Our family are still people, and although we were born and raised with them, it doesn’t give them an automatic treat-me-like-shit card because I’m your family and you have to love me anyway. I am actually directing this post about my dad.
So he gave birth to me, raised me, fed me, sheltered me, educated me, did a whole lot of shit for me. But does that give him the excuse to disrespect me? I am a human being, just like he is a human being, and respect should be something that is gained, but something you take just because you are my father.
If you do not respect me, why do you expect me to respect you?
Respect is something you always bring up when you yell at me, and I sit there and take in every thing you say, because fighting back would be pointless, and a waste of my energy for either way, you will always think you are right, because you are my father. You will always think what I have to say is ‘talking back’ and ‘disrespectful to you’, because you are my father. You will always think you get to treat me like your door mat, because you are my father. You always always always talk about respect but have no idea what that word even means.
It frustrates me, when you order me around, because you think that you can, because you are my father. You think that being who you are, you are allowed to get away with everything, and it’s not just me, you treat everybody like that. My sister, my brother, your wife. You expect us to tend to your every need, while you sit on your throne and sip on your red wine, as your minions do the work for you.

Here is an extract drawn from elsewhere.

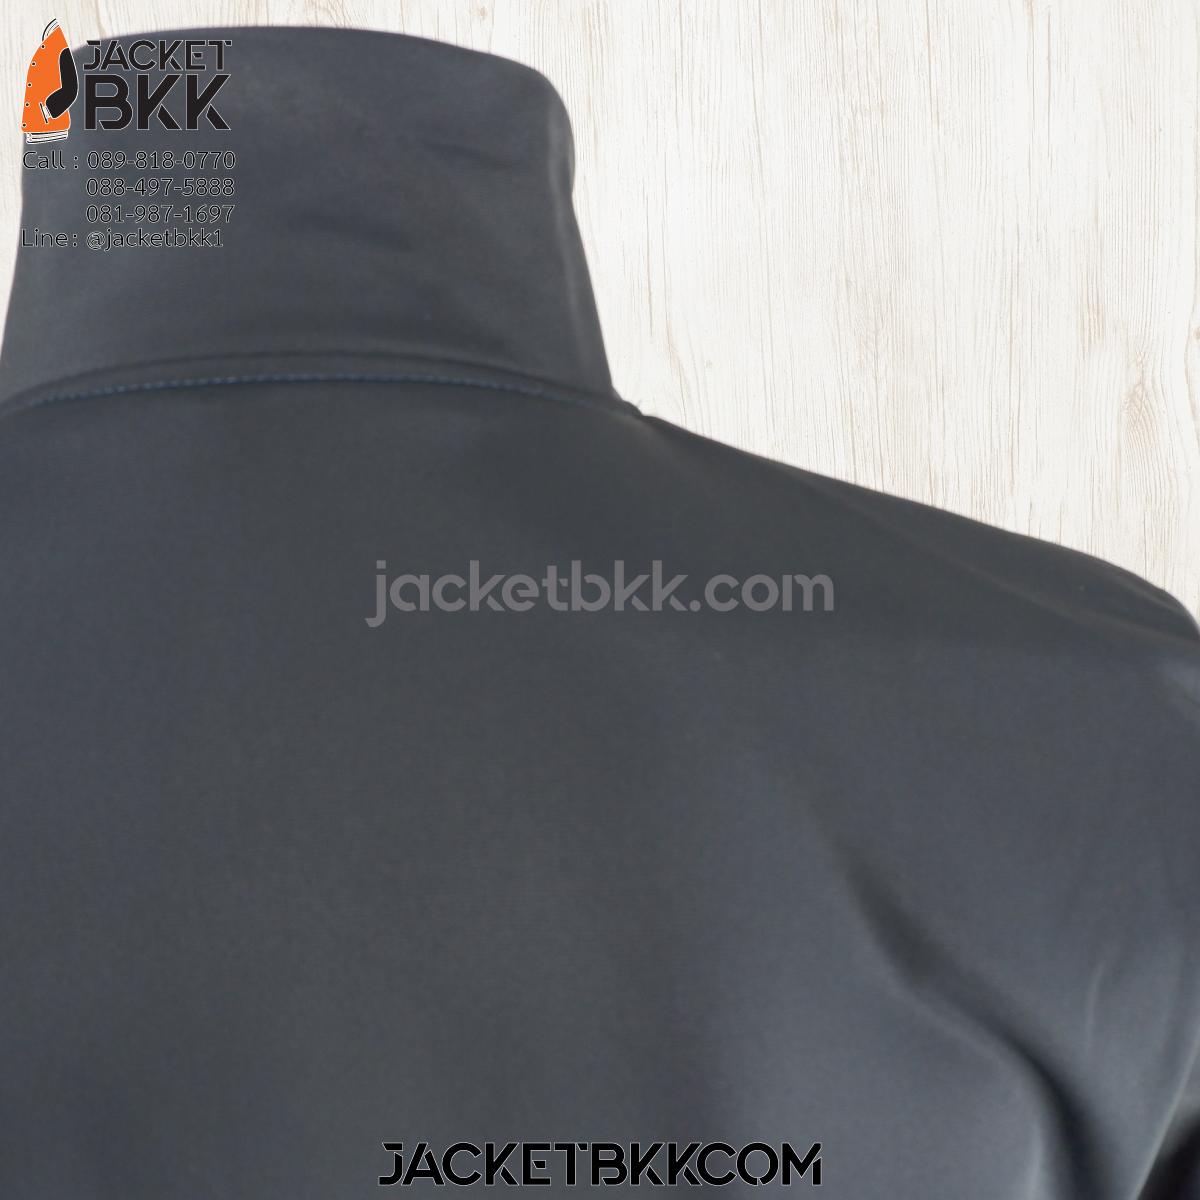 ร้านขายส่ง เสื้อแจ็คเก็ตผ้าขูดขน สีกรมท่าเข้ม โบ๊เบ๊ - บริการปักสกรีน

Nothing is ever good enough for you. You always find something to criticise, whether that be because I left a tissue on the counter and didn’t pick up after myself. Or I forgot to empty to rubbish bin, or I forgot to put a new plastic bag in the rubbish bin. Or I left my shoes outside, or I didn’t shut the blinds, or I forgot to press the start button on the dish washer, or I didn’t empty it out when I had been home all day, or I didn’t make eye contact with you while you were ordering me to do something. There is always something that you need to pick on, and you turn that one little thing, into something horrendously BIG.

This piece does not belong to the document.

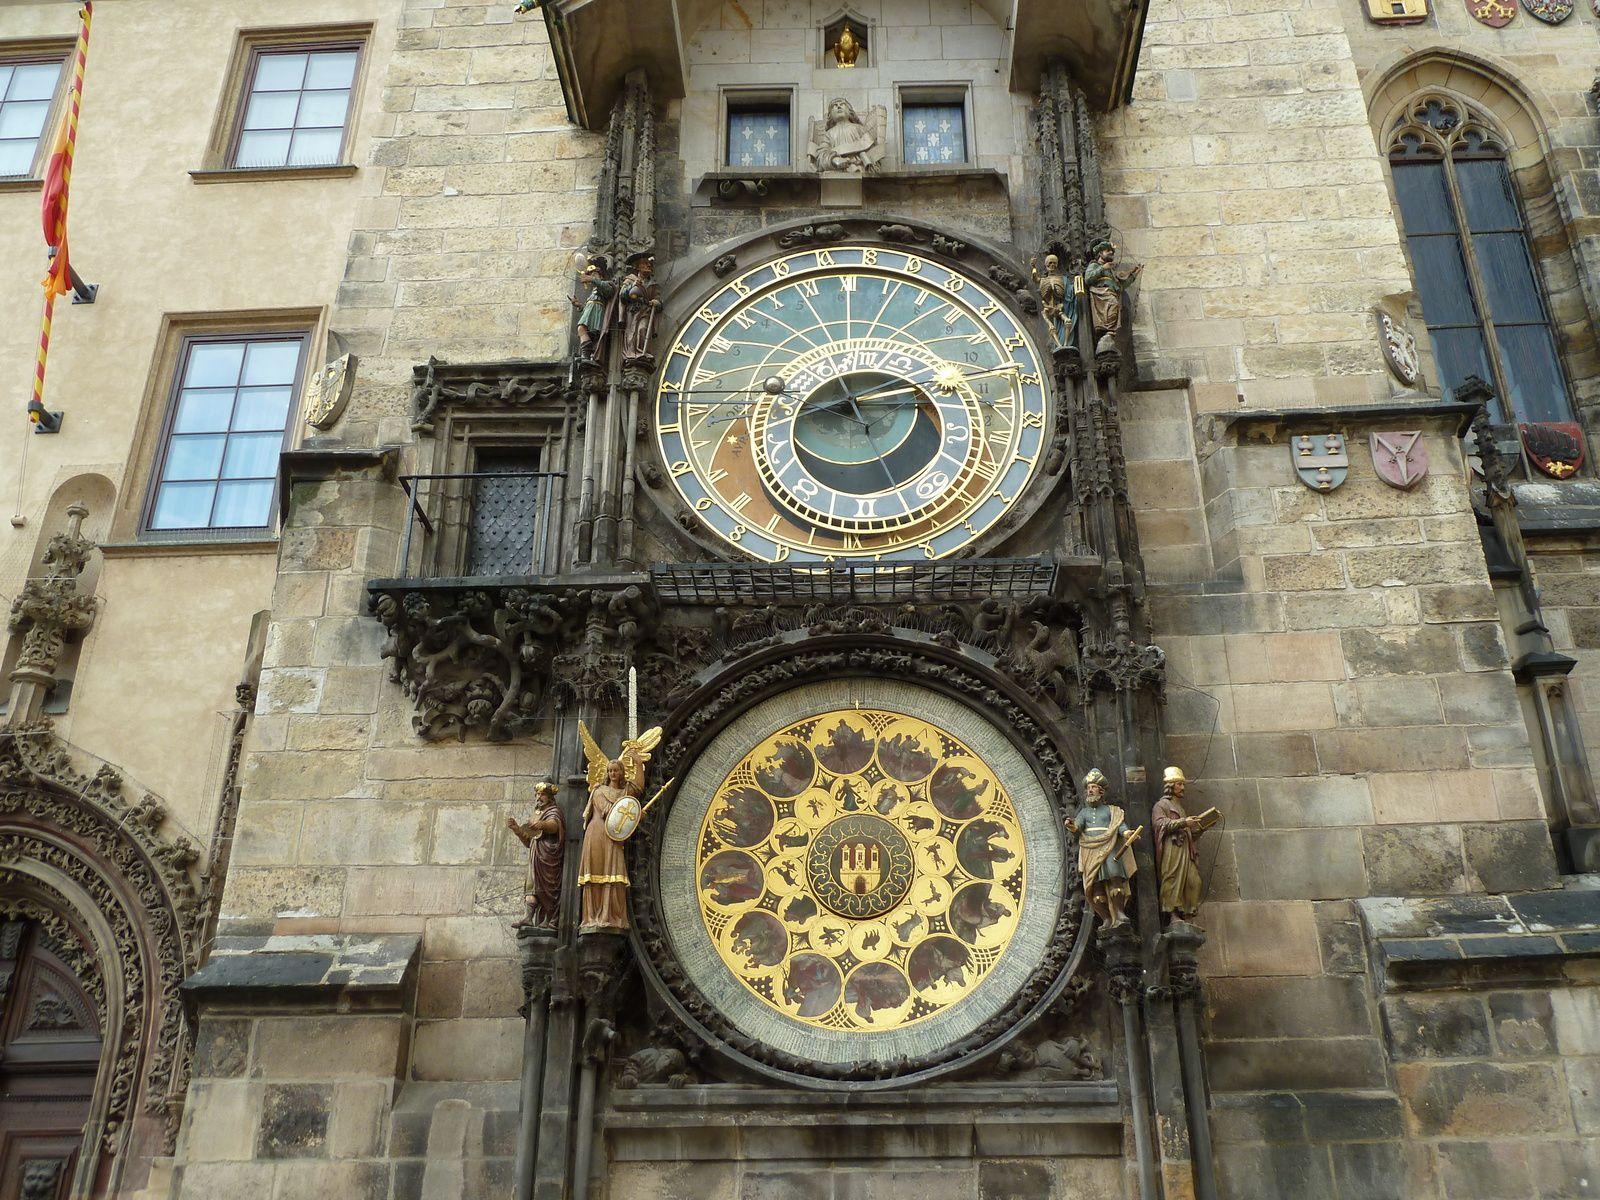 La tour de la place mesure 69,5 mètres de hauteur et offre une magnifique vue sur Prague depuis sa galerie panoramique. Elle fut ajoutée en 1364 à ce qui était la demeure privée de Volfin de Kamen. Elle intègre une horloge astronomique, construite en 1490 par Hanus, dont les personnages s'animent au-dessus des signes du zodiaque situés dans la partie supérieure. Le bas de l'horloge est constitué d'un calendrier.

1. You never pick up after yourself.
2. You never do empty the rubbish because you make other people do it for you.
3. You always leave your shoes outside.
4. I’m always in my room, and I don’t go downstairs unless I need to eat.
5. Not every body is perfect, I do forget things.
6. You never empty the dishwasher when you’ve been home all day either.
7. You don’t look at me when I talk to you, or you would have seen me nod at you today to answer ‘yes’ to that question you asked. Instead, you yelled at me by saying I ignore you.
If you aren’t happy with the way things are done, do it yourself.
Get off your lazy ass, stop ordering people around, and actually do something for yourself.
And if you want meto respect you, act like you want my respect, and you deserve my respect. Don’t try and threaten me, saying this is the last time you are going to drop it, for me not respecting you because it’s not a threat. Do you really think you saying these things will make me want to respect you?
No. It will just make me liking you, less and less and less until in the end, I will be consumed with hate for you. And hate it a very strong word.